### [INFORMATION PROVIDED]
━━━

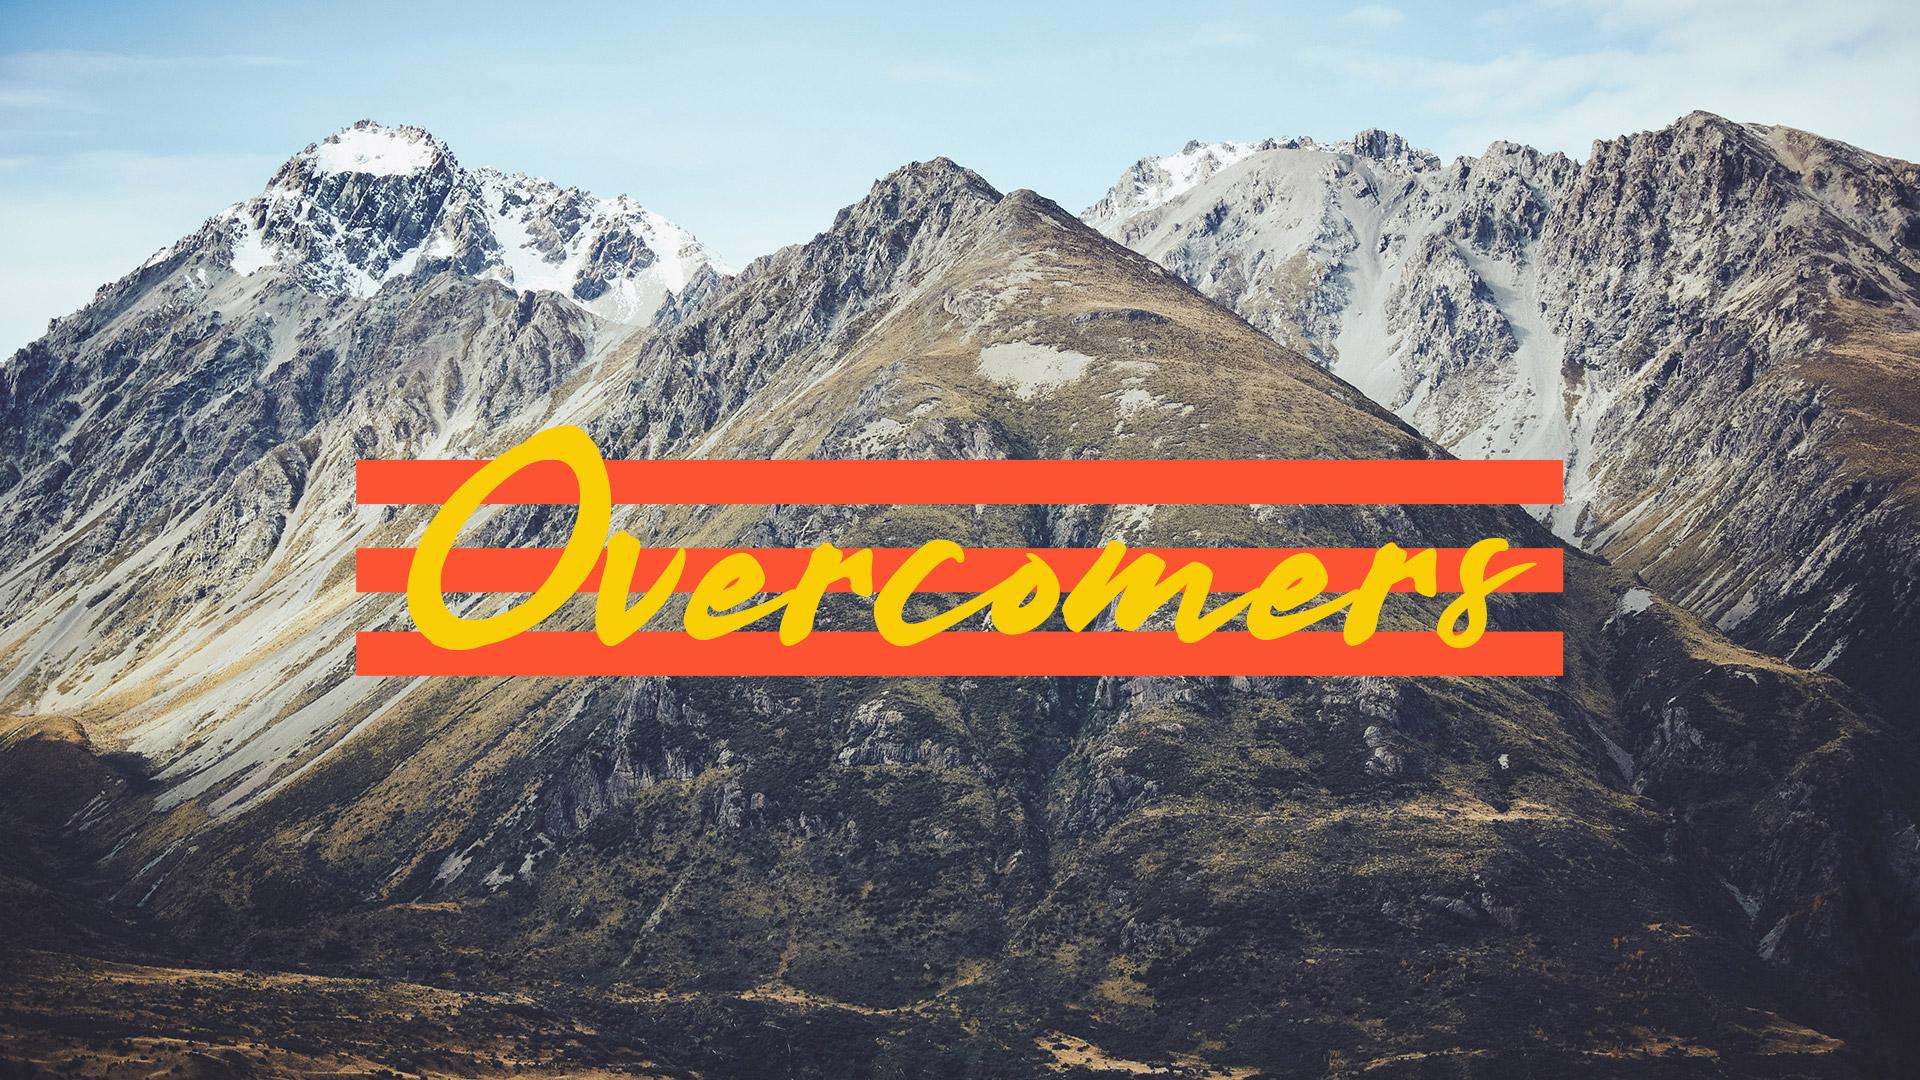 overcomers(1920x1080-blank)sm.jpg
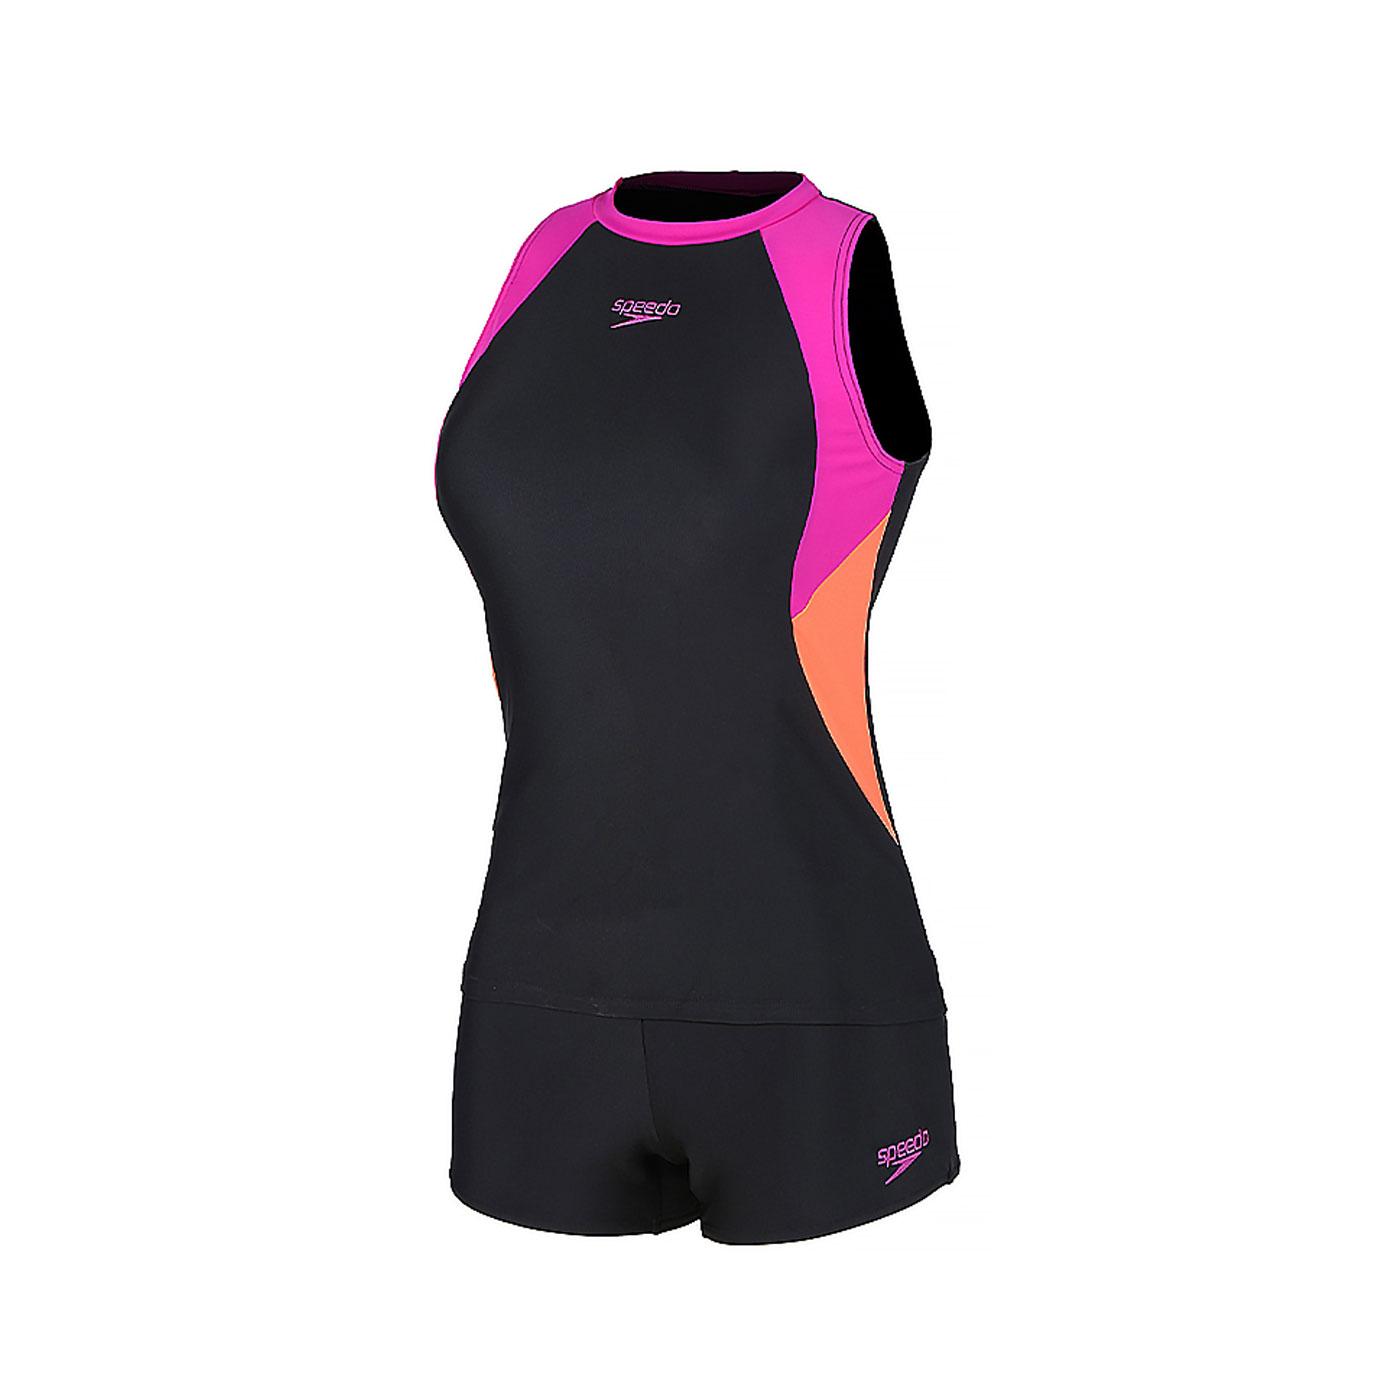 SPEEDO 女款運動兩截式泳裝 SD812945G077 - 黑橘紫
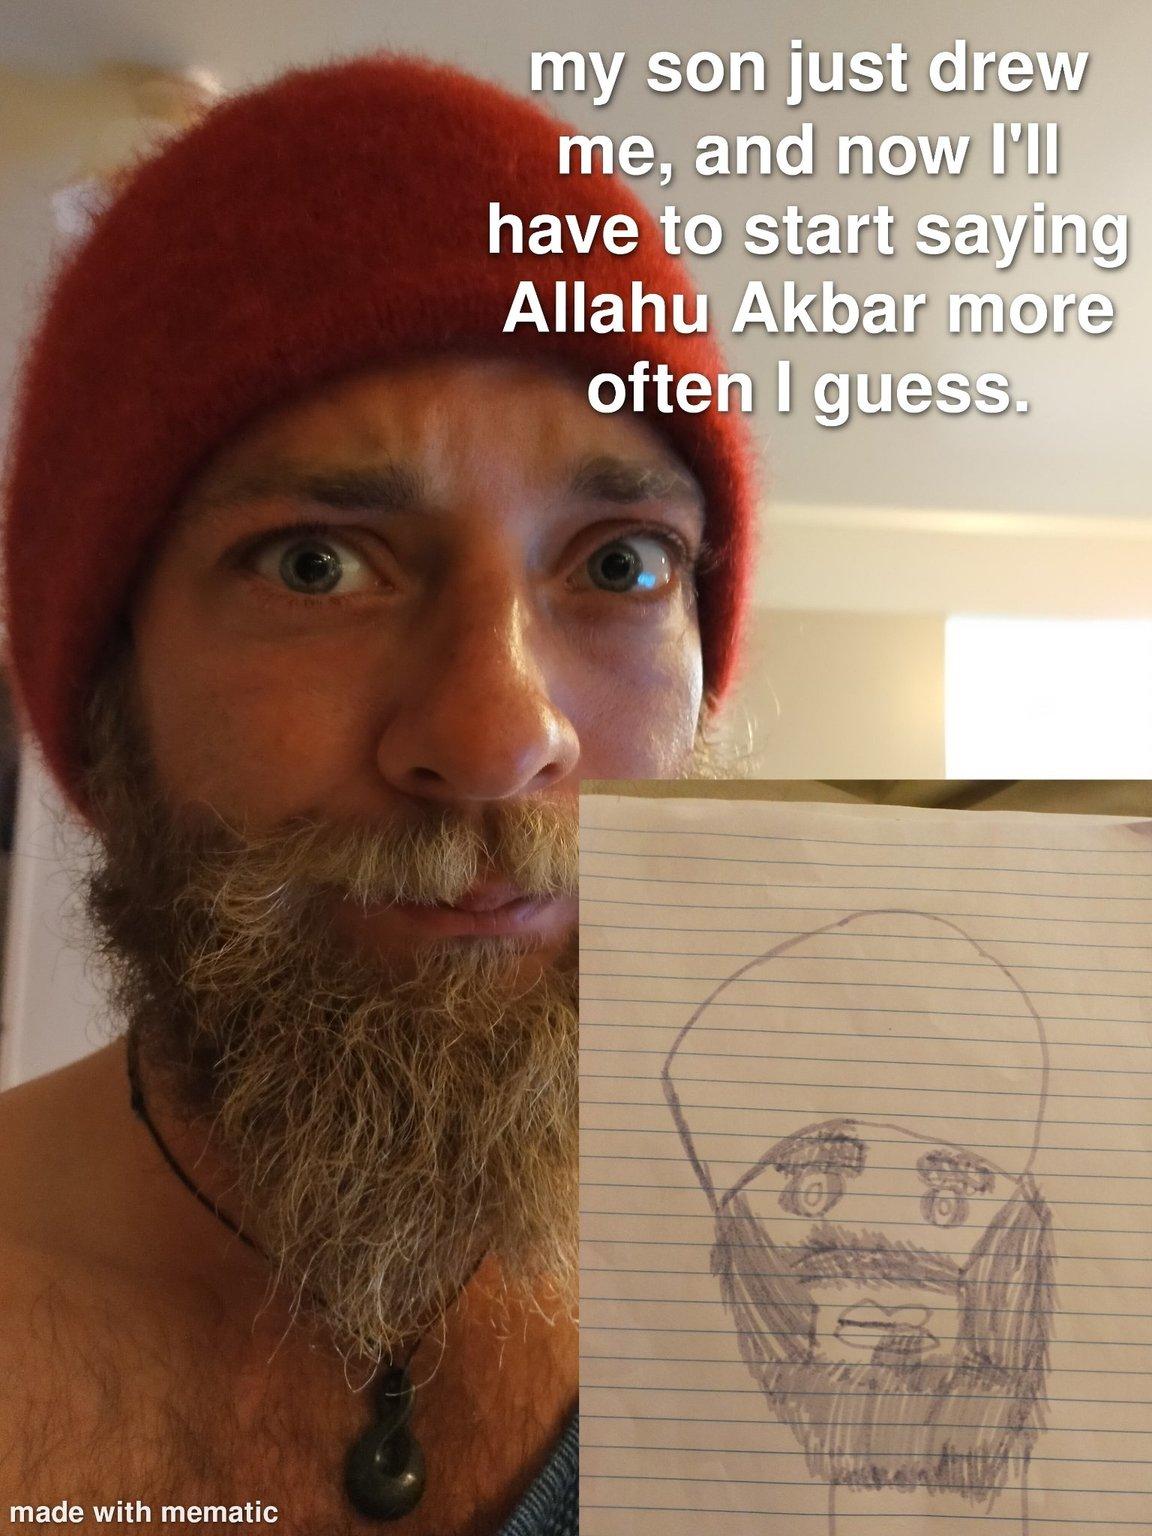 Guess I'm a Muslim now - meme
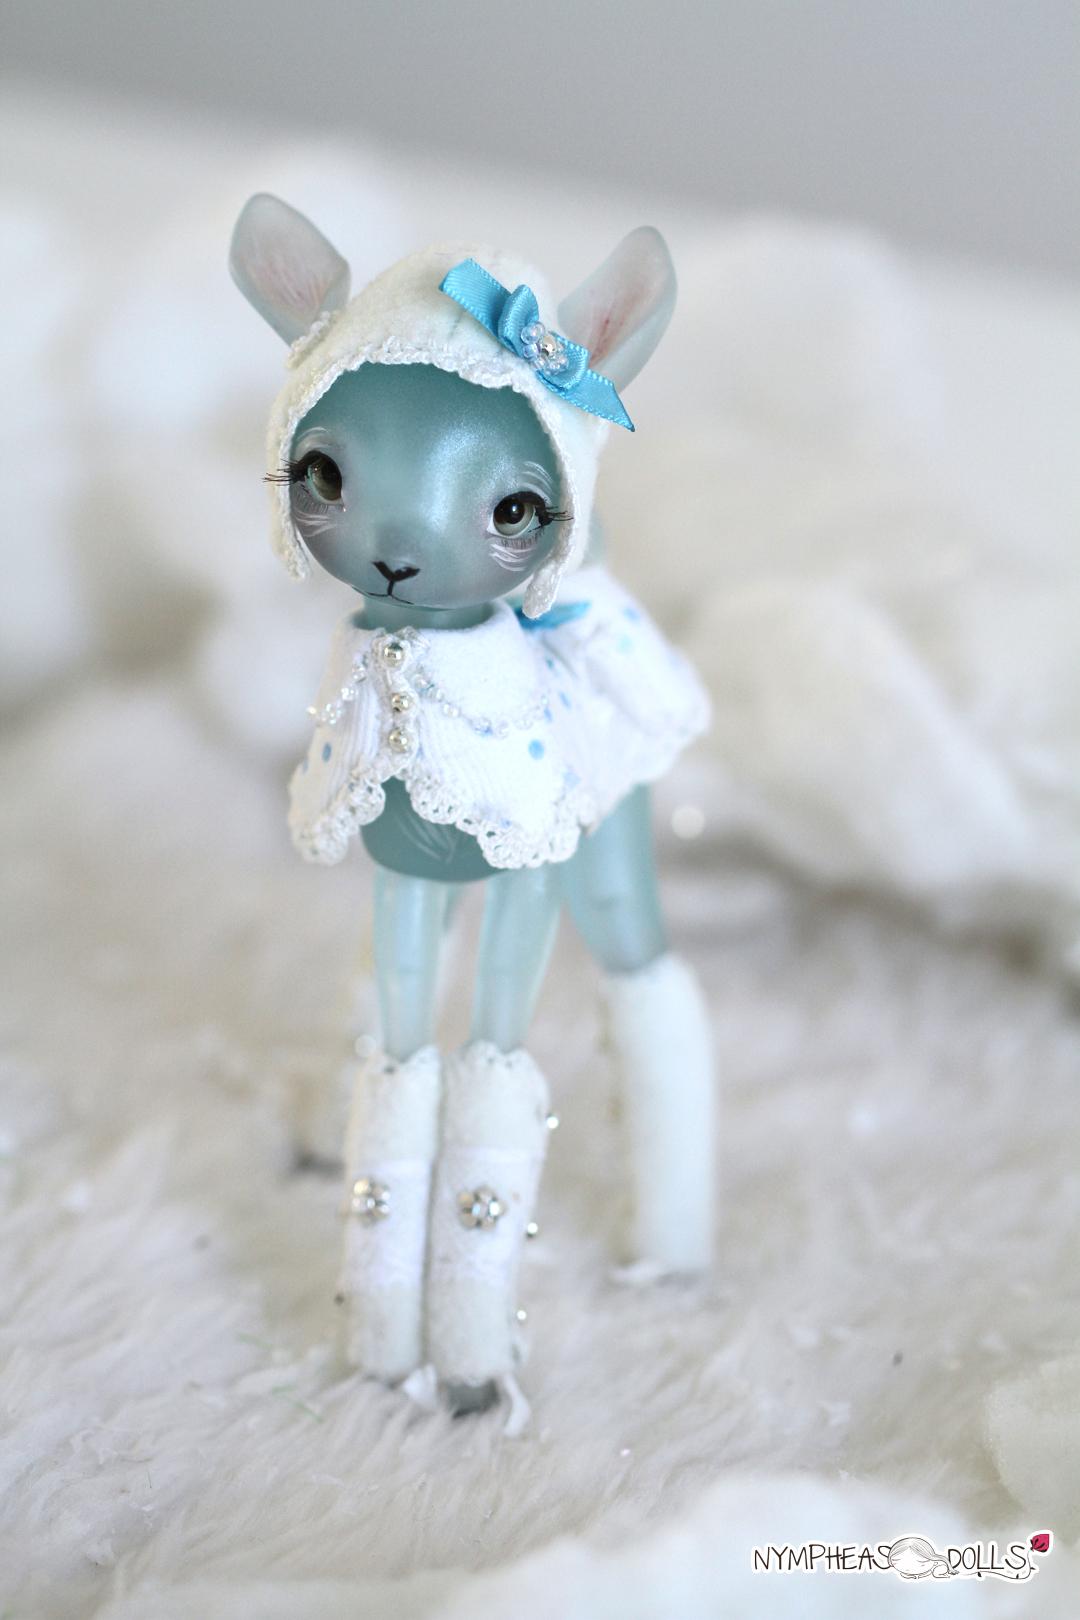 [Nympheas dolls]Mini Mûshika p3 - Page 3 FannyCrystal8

━━━

### [WHAT TO WORK ON]
When copying, output the data exactly and leave out the pictures.

### [SOLUTION TO THE EXERCISE]
 overcomers(1920x1080-blank)sm.jpg
 SPEEDO 女款運動兩截式泳裝 SD812945G077 - 黑橘紫
 Guess I'm a Muslim now - meme
 [Nympheas dolls]Mini Mûshika p3 - Page 3 FannyCrystal8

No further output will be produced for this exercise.